Solution I.113 (RNNReliabilityAnswer). RNNs sometimes fail to work reliably due to the vanishing gradient problem (where gradients are less than 1) and the exploding gradient problem (where gradients are greater than 1). Additionally, reliability issues arise because the network and the weights are copied during the unrolling process.

I.2.6 LSTM

Solution I.114 (LSTMSigmoidTanhAnswer). The sigmoid activation function outputs values between 0 and 1, making it suitable for probability determination, whereas the tanh activation function outputs values between -1 and 1.

Solution I.115 (LSTMSigmoidTanhAnswer). State how much of the long term memory should be used.

Solution I.116 (LSTMGatesAnswer). An LSTM network has three types of gates: the forget gate, the input gate, and the output gate. The forget gate decides what information to discard from the cell state, the input gate updates the cell state with new information, and the output gate determines what part of the cell state should be output.

Solution I.117 (LSTMLongTermInfoAnswer). Long-term information is used in the output gate of an LSTM network.

Solution I.118 (LSTMUpdateGatesAnswer). In the input and forget gates.

I.2.7 Pytorch/Lightning

Solution I.119 (PyTorchRequiresGradAnswer). In PyTorch, requires_grad indicates whether a tensor should be trained. If set to False, the tensor will not be trained.

I.2.8 Embeddings

Solution I.120 (NN STrings). No, they process numerical values.

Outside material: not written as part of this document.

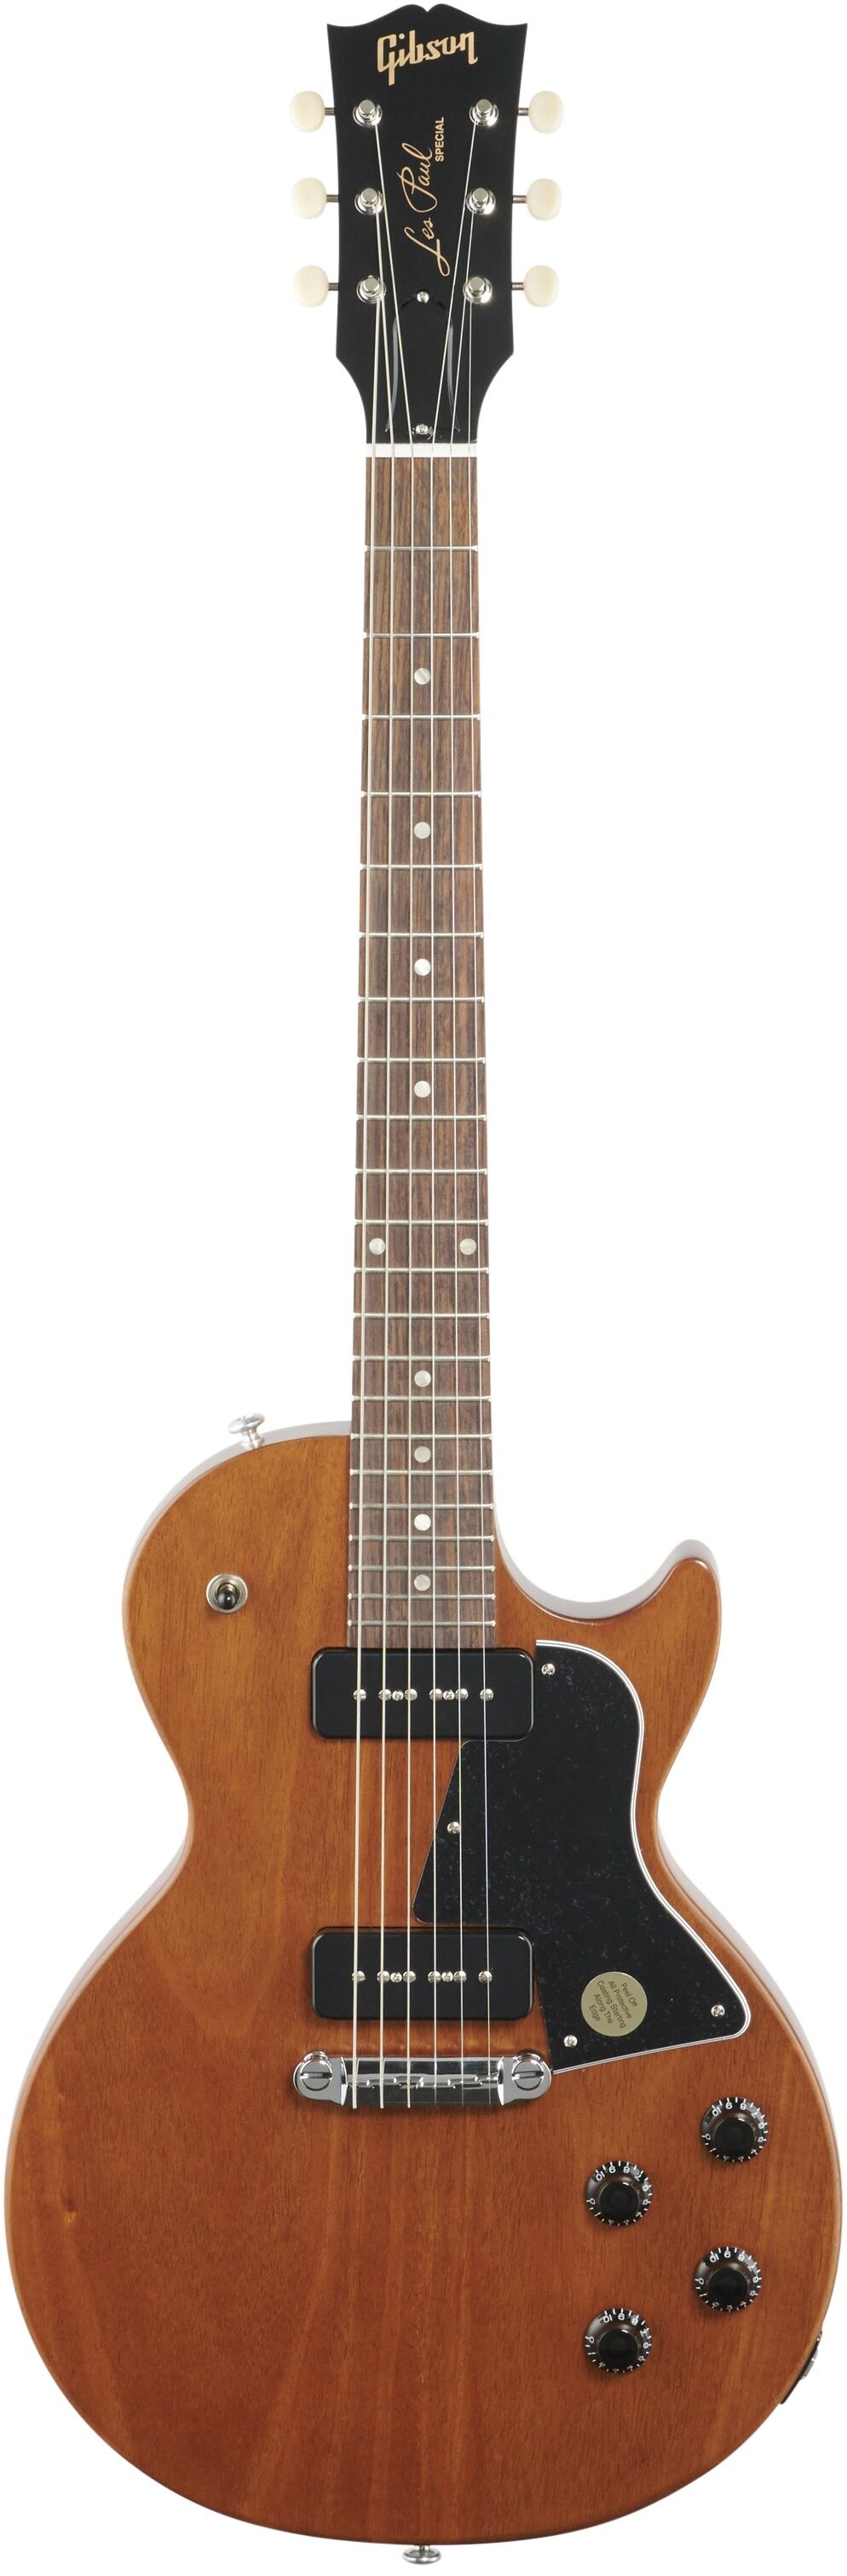 Gibson Les Paul Special Tribute P-90 Electric Guitar (with Gig Bag), Natural Walnut, Full Straight Front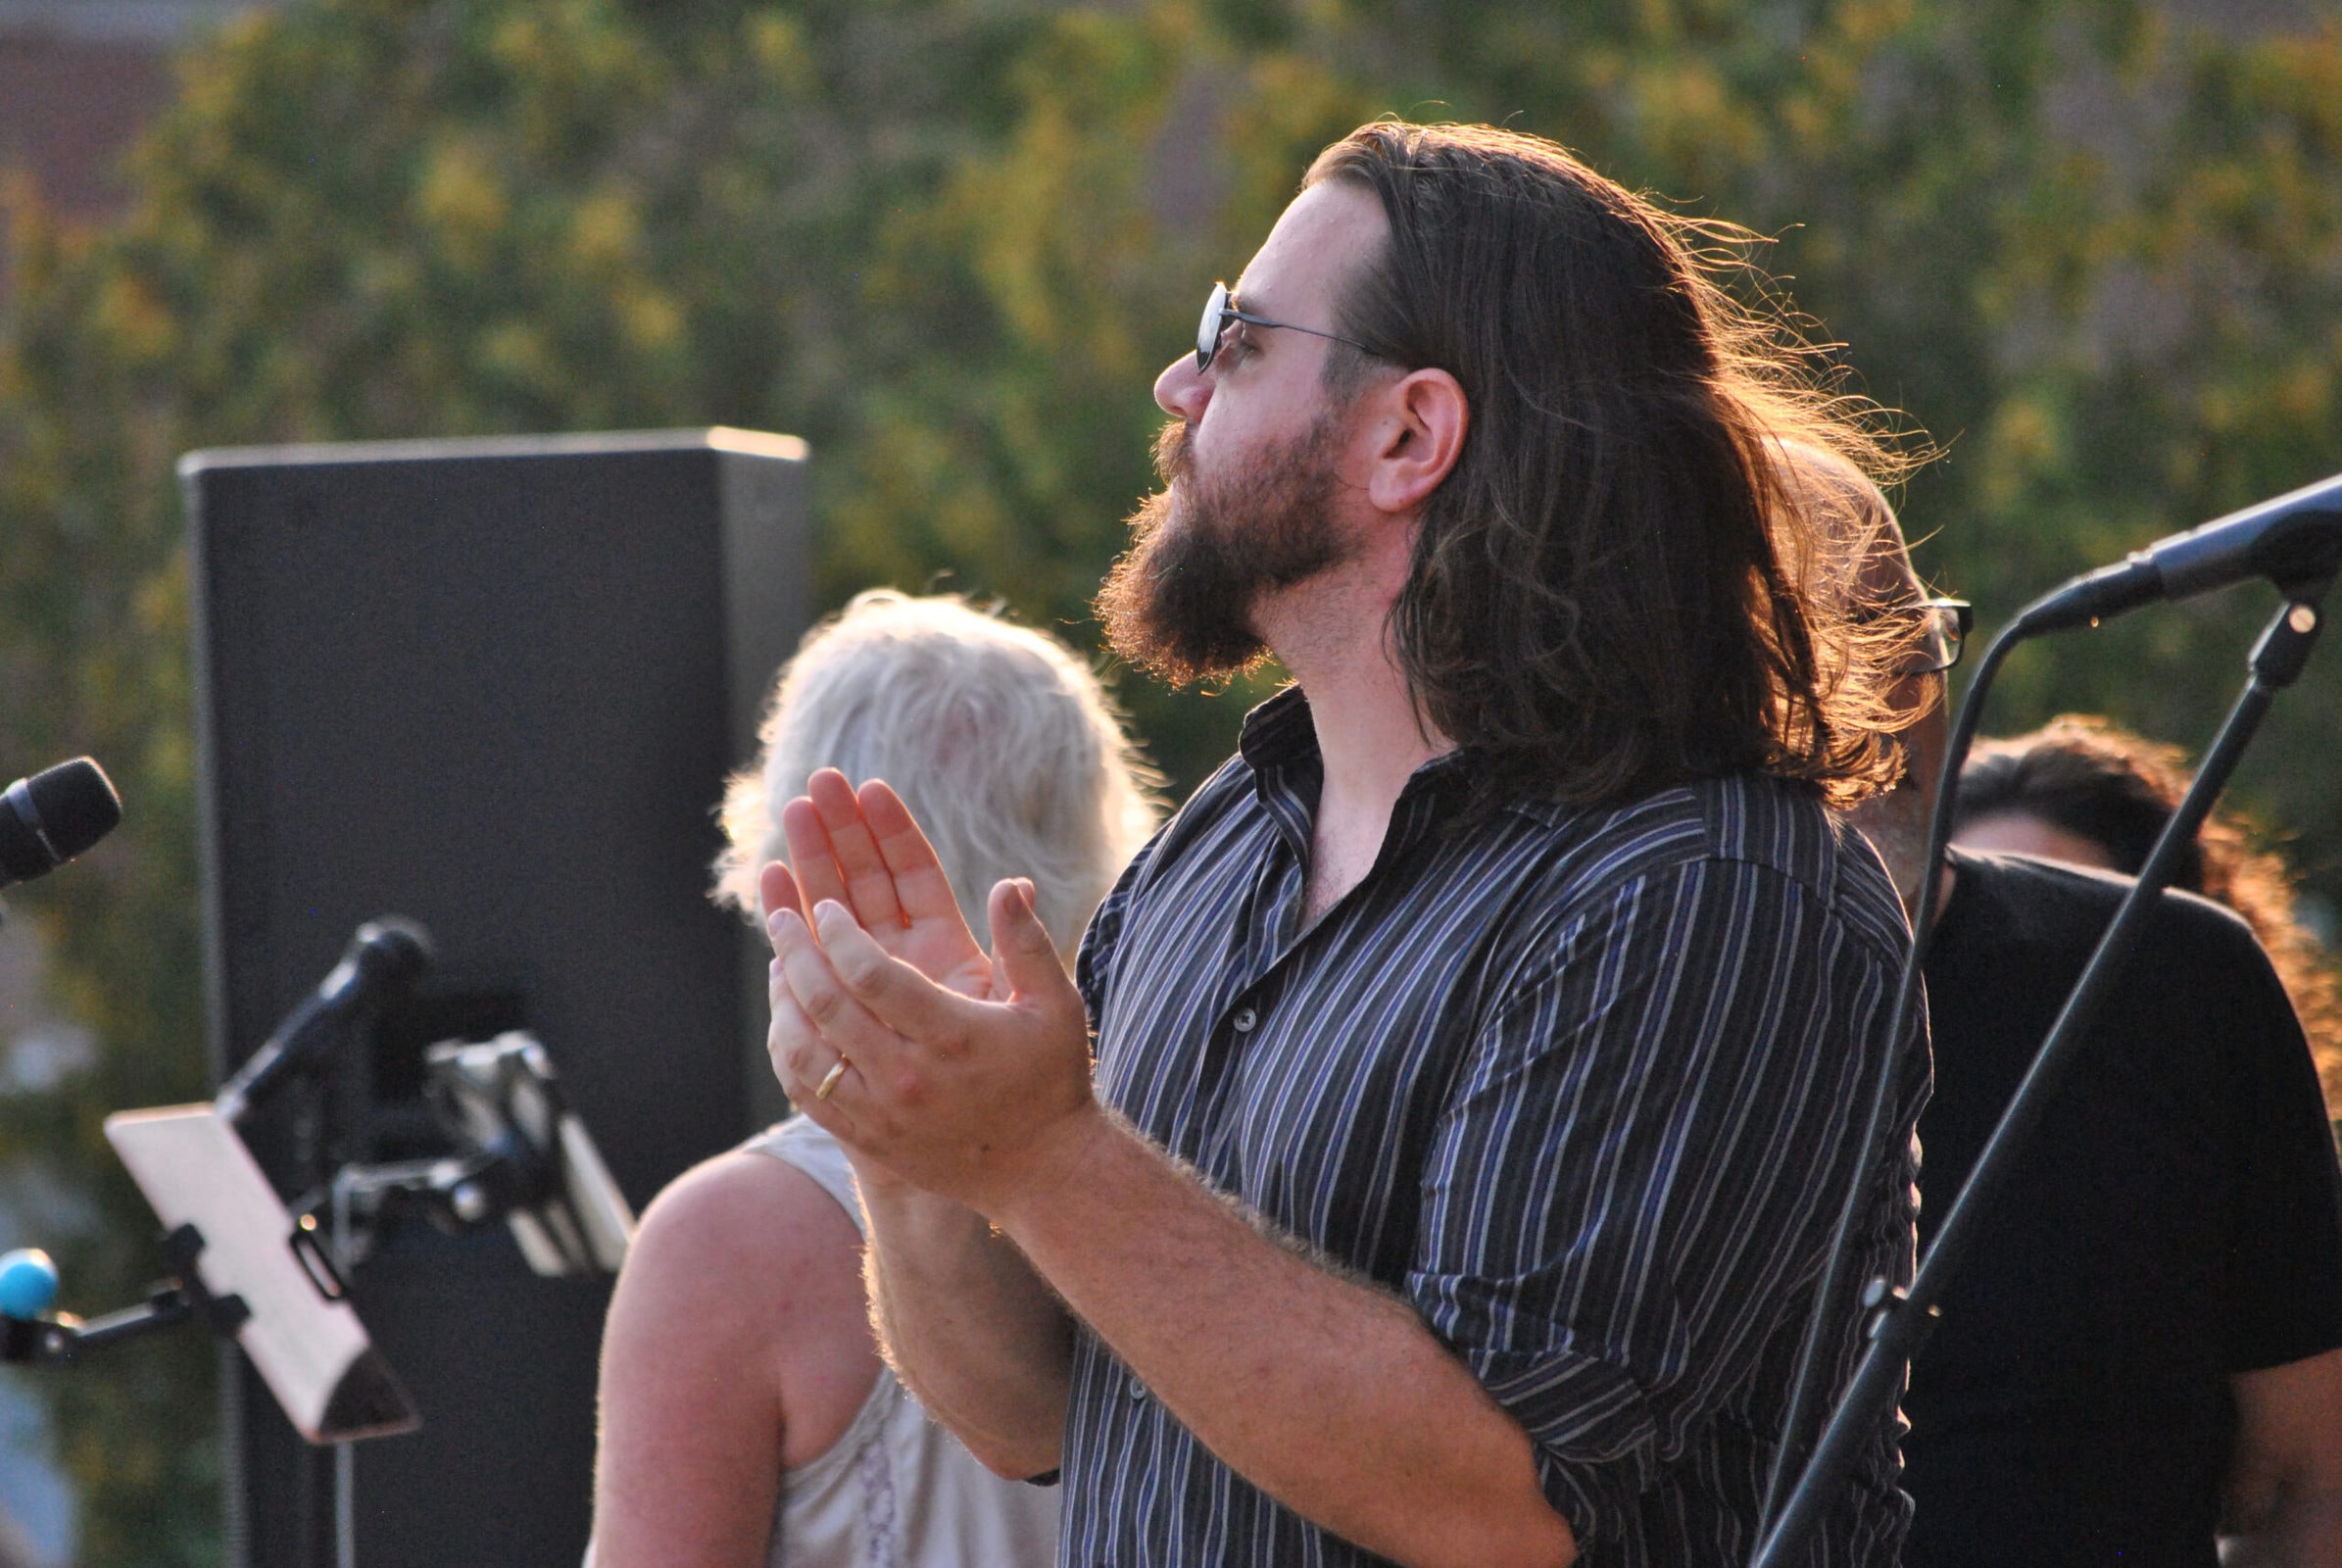 Andy Coyle claps during his band’s performance.

Solution I.121 (Embedding Definition). Representation of a word as a vector.

Solution I.122 (Embedding Dimensions). We can model similarities.

I.2.9 Sequence to Sequence Models

Solution I.123 (LSTM). Because they are able to consider “far away” information.

Solution I.124 (Teacher Forcing). We need to force the correct words for the training.

Solution I.125 (Attention). Attention scores compute similarities for one input to the others.

I.2.10 Transformers

Solution I.126 (ChatGPT). Decoder only.

Solution I.127 (Translation). Encoder-Decoder structure.

Solution I.128 (Difference Encoder-Decoder and Decoder Only.).

Encoder-Decoder: self-attention.
Decoder only: masked self-attention.

Solution I.129 (Weights).

a: Randomly
b: Backpropagation

Solution I.130 (Order of Words). Positional Encoding

Solution I.131 (Relationship Between Words). Masked self-attention which looks at the previous tokens.

Solution I.132 (Masked Self Attention). It works by investigating how similar each word is to itself and all of the proceeding words in the sentence.

Solution I.133 (Softmax). Transformation to values between 0 and 1.

Solution I.134 (Softmax Output). We create two new numbers: Values – like K and Q with different weights. We scale these values by the percentage. -> we get the scaled V´s

Solution I.135 (V´s). Lastly, we sum these values together, which combine separate encodings for both words relative to their similarities to “is”, are the masked-self-attention values for “is”.

Solution I.136 (Residual Connections). They are bypasses, which combine the position encoded values with masked-self-attention values.

Solution I.137 (Generate Known Word in Sequence).

Training
Because it is a Decoder-Only transformer used for prediction and the calculations that you need.

Solution I.138 (Masked-Self-Attention Values and Bypass). We use a simple neural network with two inputs and five outputs for the vocabulary.